On Wed, Apr 10, 2002 at 12:23:37AM +0200, Dominik Kubla wrote:
> On Tue, Apr 09, 2002 at 03:17:25PM -0700, Mike Fedyk wrote:
> > On Tue, Apr 09, 2002 at 06:46:05PM -0300, Alexis S. L. Carvalho wrote:
> > > Hi
> > >
> > > Does anyone know of any implementation of soft-updates over ext2? I'm
> > > starting a project on this for grad school, and I'd like to know of any
> > > previous (current?) efforts.
> > >
> >
> > Heh, ext3? ;)
>
> No. Ext3 uses journalling. Soft-updates is something different.
>

Yes, I know that... (don't for get the ";)"...)

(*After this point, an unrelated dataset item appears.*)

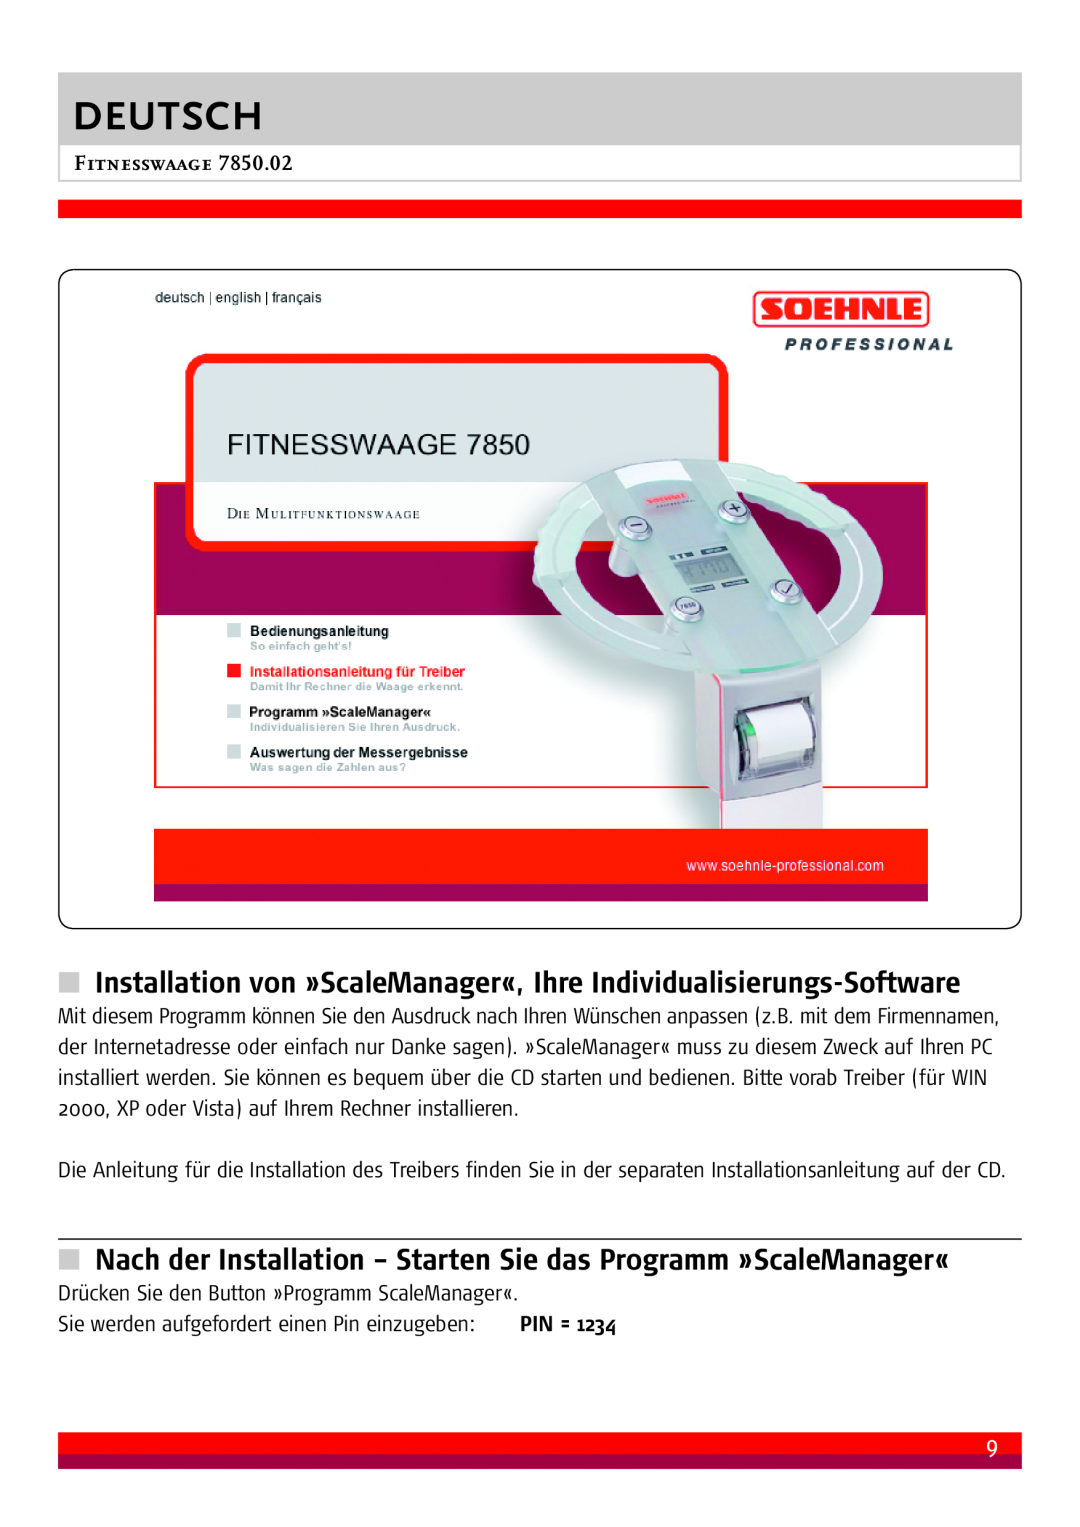 Soehnle 7850.02 manual Installation von »ScaleManager«, Ihre Individualisierungs-Software, Deutsch, Fitnesswaage

Sorry, I don't know if anyone else has started anyting like this.

It would be interesting to see how the locking would work compared to ext3.

You might get more responces from:

[email protected]
-and-
[email protected]

Since that's where the ext2/3 guys hang out.

Mike

2002-04-10 00:41:44

by Albert D. Cahalan

[permalink] [raw]
Subject: Re: implementing soft-updates

Alexis S. L. Carvalho writes:

> Does anyone know of any implementation of soft-updates
> over ext2? I'm starting a project on this for grad school,
> and I'd like to know of any previous (current?) efforts.

That's interesting. Some comments:

It is common for controllers, RAID arrays, and the disks to
mess up your ordering. Power failure during a write has been
known to scribble on random unrelated parts of the disk.
Power failure often creates bad sectors that can only be
fixed by a large write that covers the affected area.

Ext2 has deletion time stamps. These are not really good for
performance, but they help fsck to know what is going on.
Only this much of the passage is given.